Observador Urbano

Westworld: estreno de la tercera temporada

Si bien aún está en desarrollo, Westworld es quizás una serie para verla de forma adictiva, aunque claro, no todo lo que brilla es oro. Para sumar más elementos a una ya alborotada trama, HBO estrenó hace unas semanas la tercera temporada tras más de un año de espera. Ahora, el futuro definitivamente llegó a la serie, y ya no existen en ella saltos narrativos temporales como la confusión mental de Bernard (Jeffrey Wright) o el “eterno” despertar de Dolores (Evan Rachel Wood) desde su rol que la lleva de ser una anfitrión ingenua al liderazgo global contra el ser humano, no.
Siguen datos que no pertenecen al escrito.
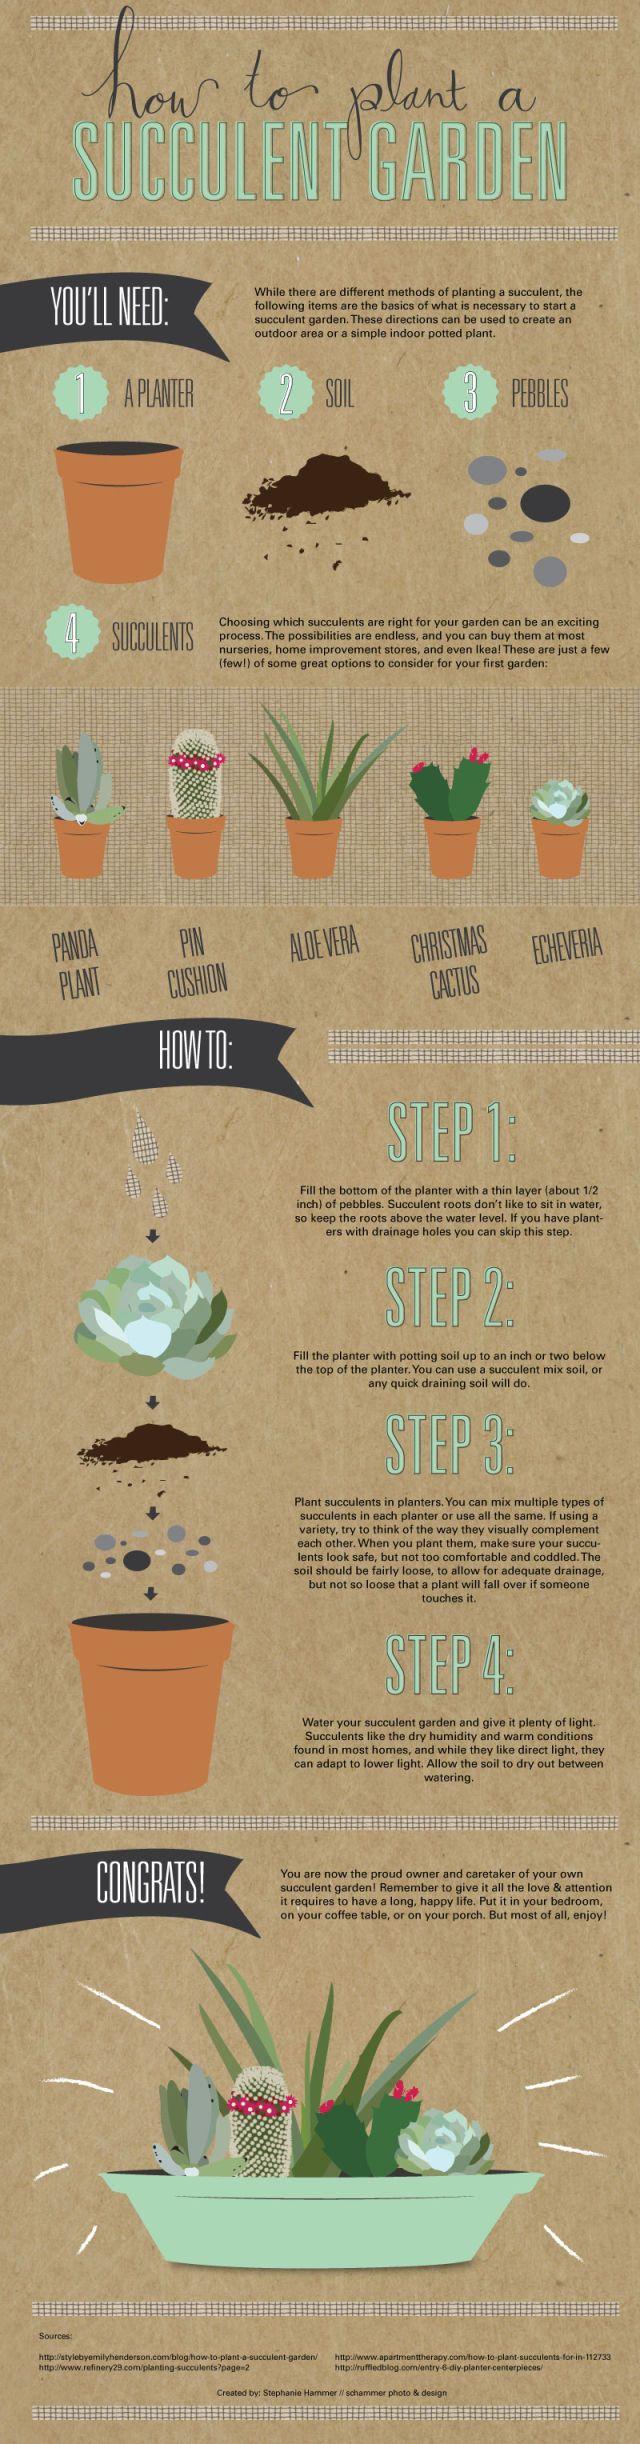 94 best Garden Ideas images on Pinterest | Vegetable garden ...

Ahora el espectador cuenta con un desarrollo lineal de los acontecimientos.

La temporada 3 desglosa las consecuencias de la matanza con la que finaliza la temporada anterior en el Parque de Westworld, y cómo estas tienen un impacto en un nivel más bien corporativo, puesto que aquí esta vez, sí aparecen puntualmente los ejecutivos ligados al parque y que iniciarán una lucha de poder contra todo lo que los amenace. Esto incluye por supuesto, al bando de Dolores, que más allá de liberar a los anfitriones de los humanos tiene otras intenciones detrás, también el bando de Bernard que quiere detenerla; todo mientras en el medio podremos ver la forma en que la compañía Delos opera y utiliza estas situaciones para su beneficio y el cuidado de sus intereses. De paso incorporan al siempre genial Aaron Paul (nuestro recordado Jesse Pinkman, acá como Caleb) que será una especie de paladín del sentido común.

Ahora bien, la serie atrapa y permite maratonearla. Su producción, realización y muchas de sus actuaciones son realmente dignas, sumado todo al increíble ingenio de Jonathan Nolan (hermano y colaborador habitual de Christopher Nolan), pero de todas formas, su trama presenta un dilema moral hartas veces usado, que va desde la hipervigilancia de los gobiernos, las siempre presentadas como codiciosas corporaciones o la responsabilidad ante la inteligencia artificial, que a la vez son pasteurizados con aburridísimos monólogos de sus protagonistas, sobre todo Dolores, quien intenta recordarnos permanentemente lo malos y manipulables que podemos ser los seres humanos y como todo eso merece un castigo.

La temporada 3 ya está disponible de a un capitulo por semana en HBO. Ahora solo resta ver si puede olvidarse de su conducta moralizante o si no hace más que resignarse a dilucidar las luchas entre el bien y el mal moral de las personas, y como las máquinas pueden condenarnos o salvarnos.